Begitulah apa yang dilakukan Nita. Tak puas adalah alasan pertamanya. Ingin selalu mendapatkan lebih dari apa yang dinikmatinya.

Memang berat jika sangat ingin, kemudian tertahan. Bayangan duduk berdekatan sambil makan di ruangan yang remang-remang. Sangat romantis pastinya. 

Ya ampun ... aku sedang apa? Jangan-jangan sedang jatuh cinta. Mengapa bisa? Apa karena aku kesepian, atau karena memang benih sayang telah tumbuh hatiku pada Friman. 

Hari ini aku mencari tempat yang paling romantis di kotaku. Untuk mengukir mimpi manis dan paling berkesan, aku harus menemukan tempat istimewa. Pada momen istimewa. Jika Firman tidak menyatakan cintanya. Aku harus berani mengutarakannya.
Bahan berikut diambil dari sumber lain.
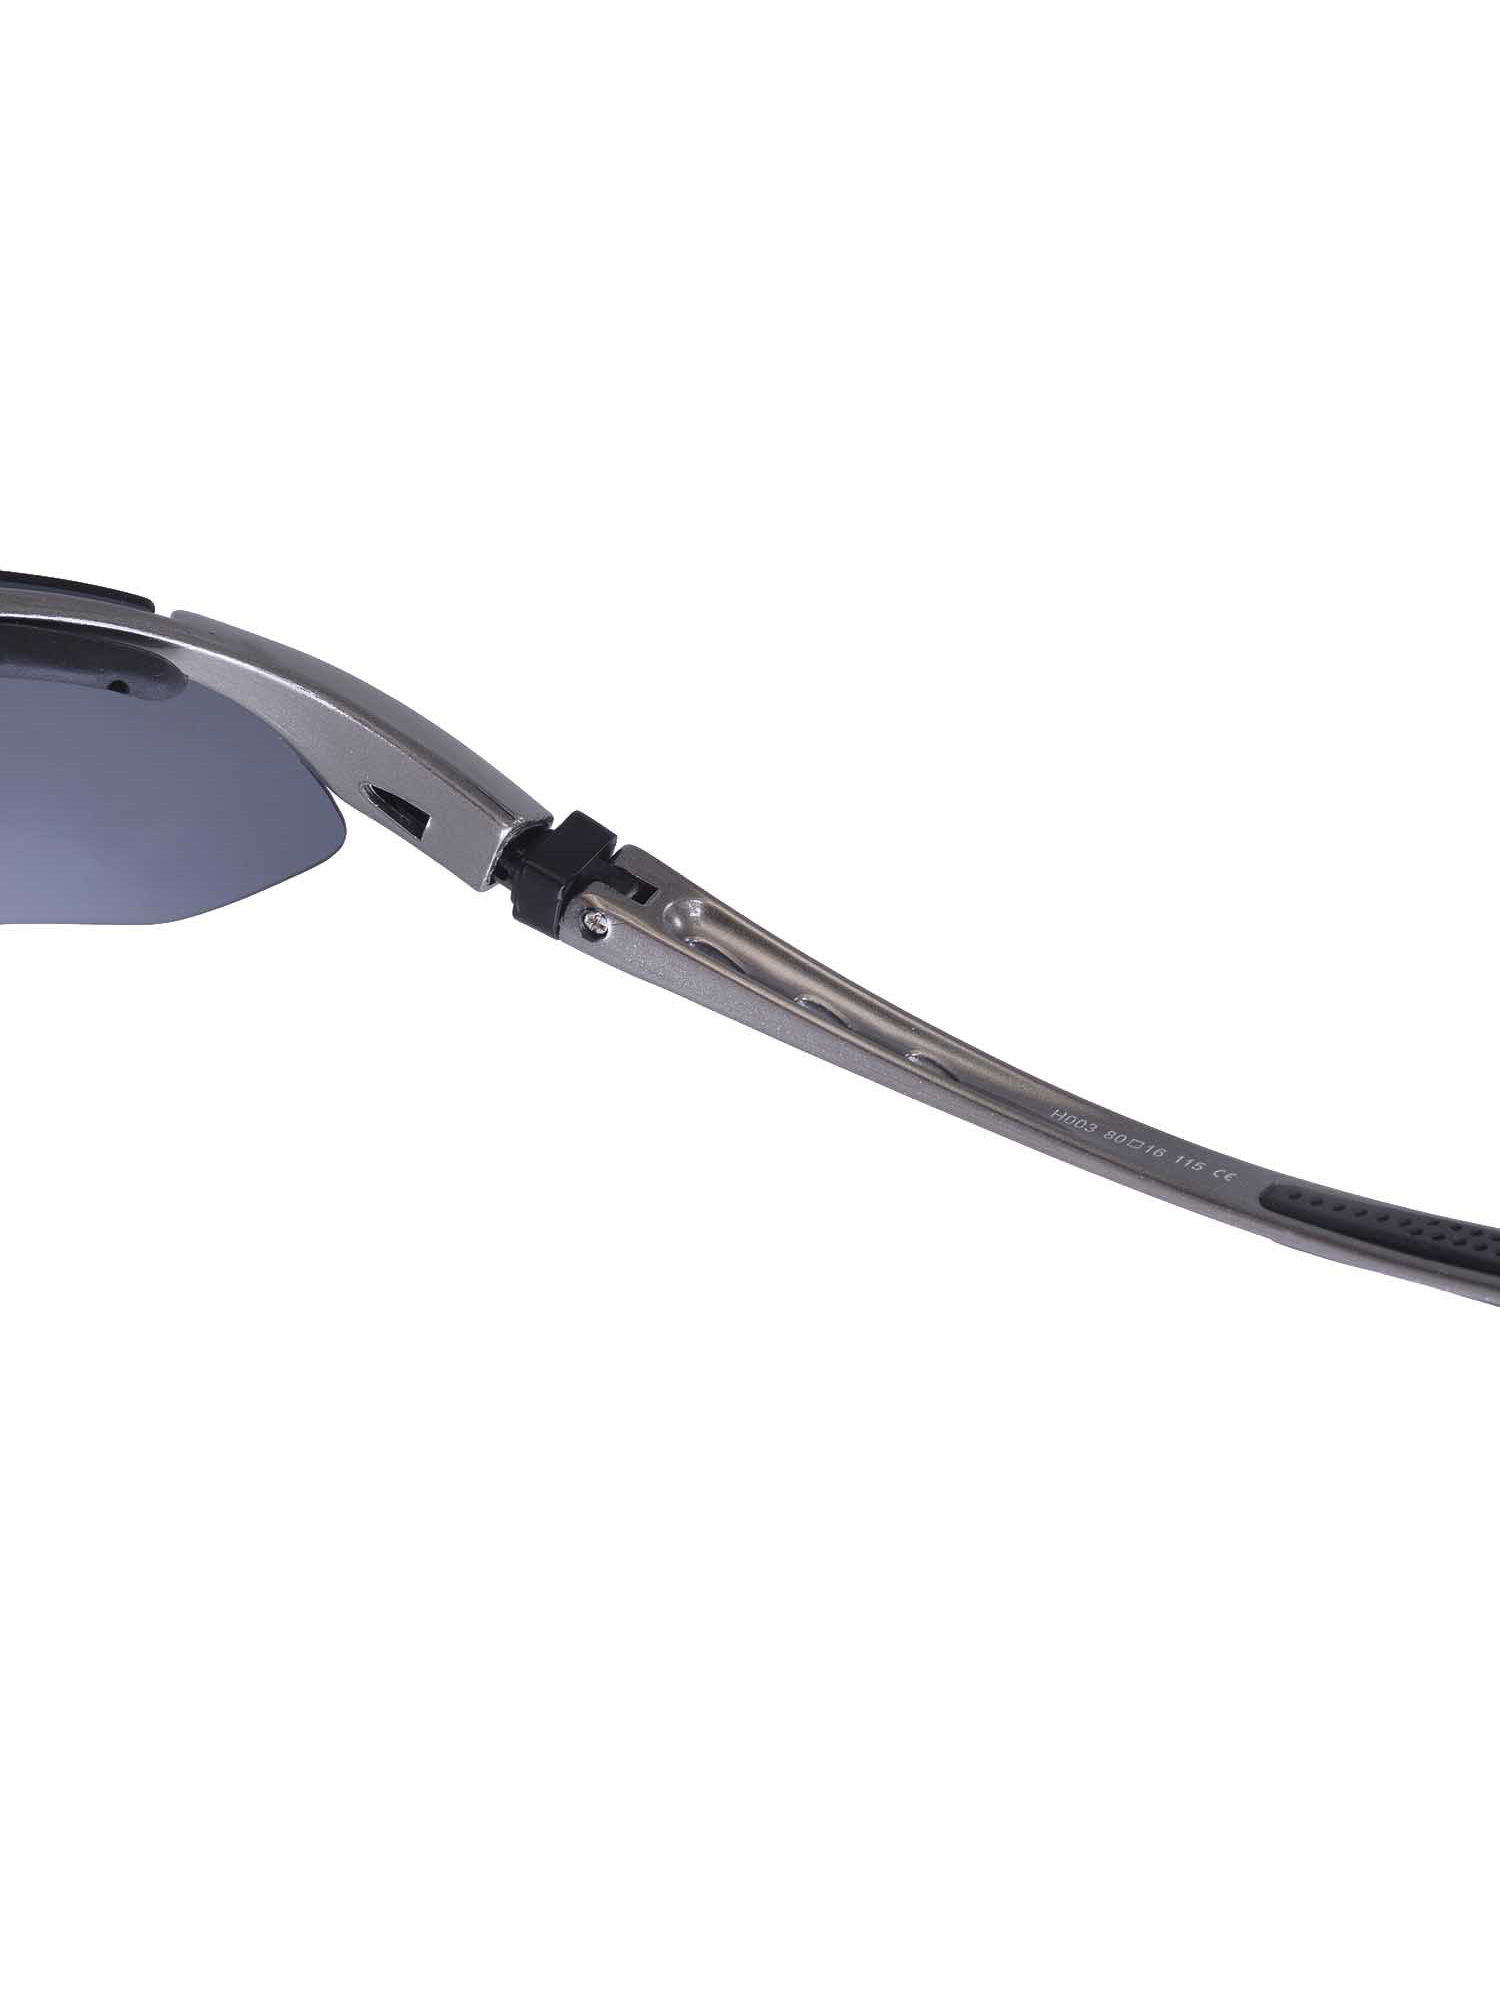 Walleva Polarized Sports Sunglasses With TR90 Frame - Multiple Options Available (Titanium Mirror Coated - Polarized) - image 5 of 8

Salah satu pilihan adalah wisata ke pasar apung Lok Baintan. Mereka harus bangun subuh sebab pasar yang berada di Desa Lok Baintan, Kecamatan Sungai Tabuk, Kabupaten Banjar, Kalimantan Selatan.
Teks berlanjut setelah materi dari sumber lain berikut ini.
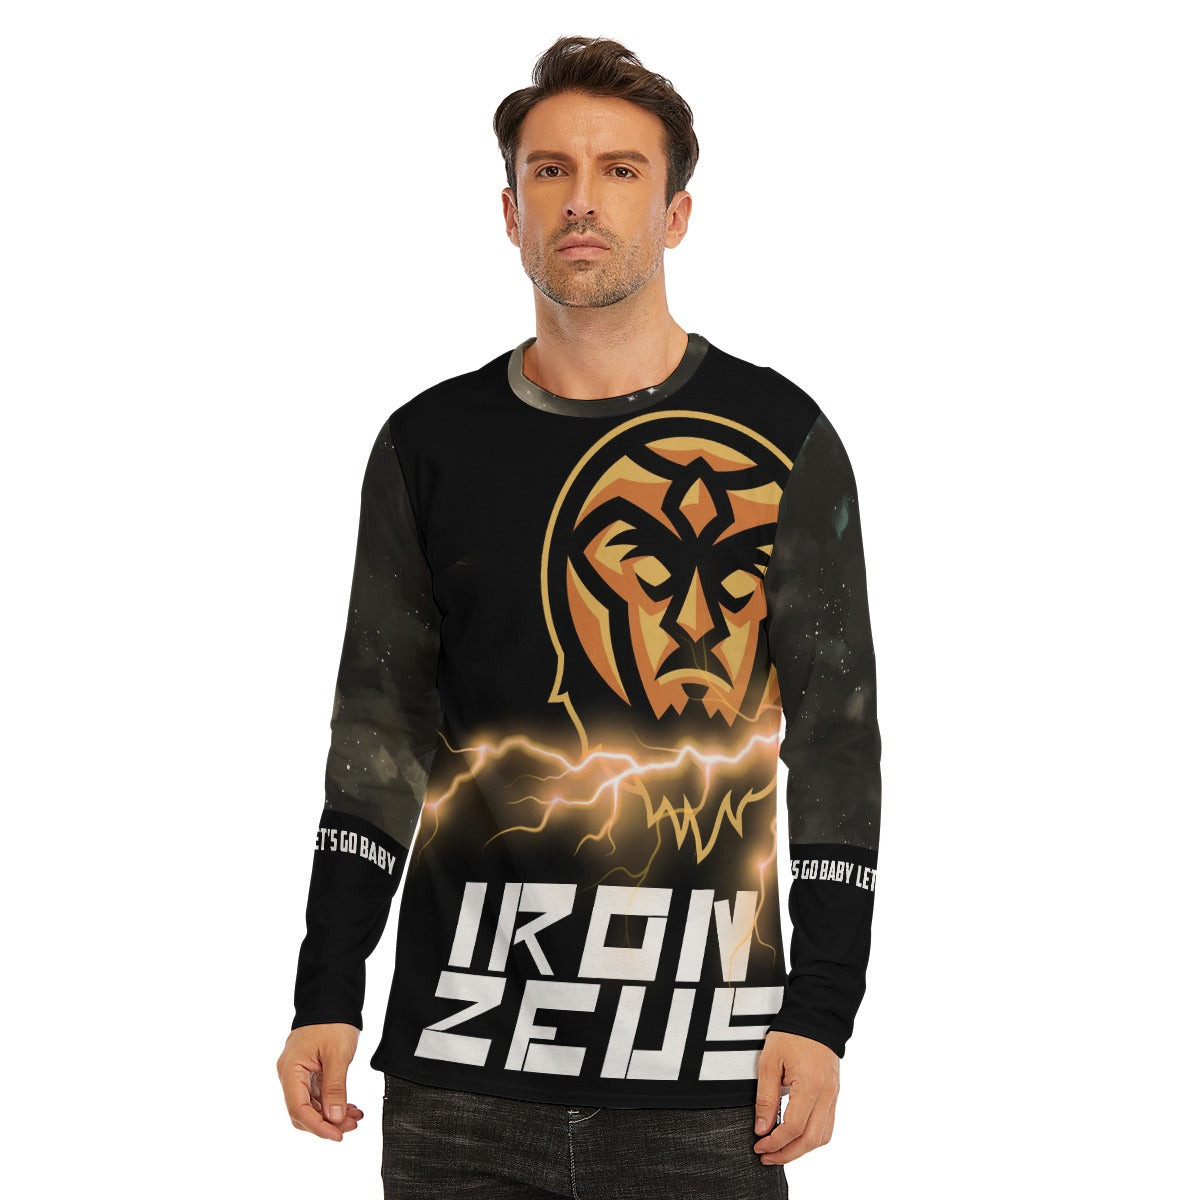 IronZeus All Over Print Long Sleeve T-Shirt

Selama menyusuri Sungai Martapura itu, perahu itu dikangkangi beberapa jembatan yang menjadi penghubung lalu lintas di Kota Banjarmasin. Ketika melewati Jembatan Pangeran Antasari, terdengar cuitan ratusan kelelawar.

Sepanjang lintasan sungai, tepian Sungai Martapura padat dengan perumahan penduduk. Rumah-rumah itu masih banyak yang terbuat dari kayu-kayu sehingga menampilkan pemandangan yang alami. 

Di antara rumah-rumah itu, sering kulihat bangunan masjid, baik berukuran kecil maupun besar dengan menara yang menjulang tinggi.

Sungai Martapura dari rupanya tidak sekadar menjadi sarana transportasi namun juga menjadi tempat untuk mandi, mencuci pakaian, usaha perikanan keramba jaring apung, dan aktifitas lainnya seperti bermain kano.

Itu terlihat saat aku melintas di depan atau belakang rumah-rumah yang berada di tepi sungai itu. 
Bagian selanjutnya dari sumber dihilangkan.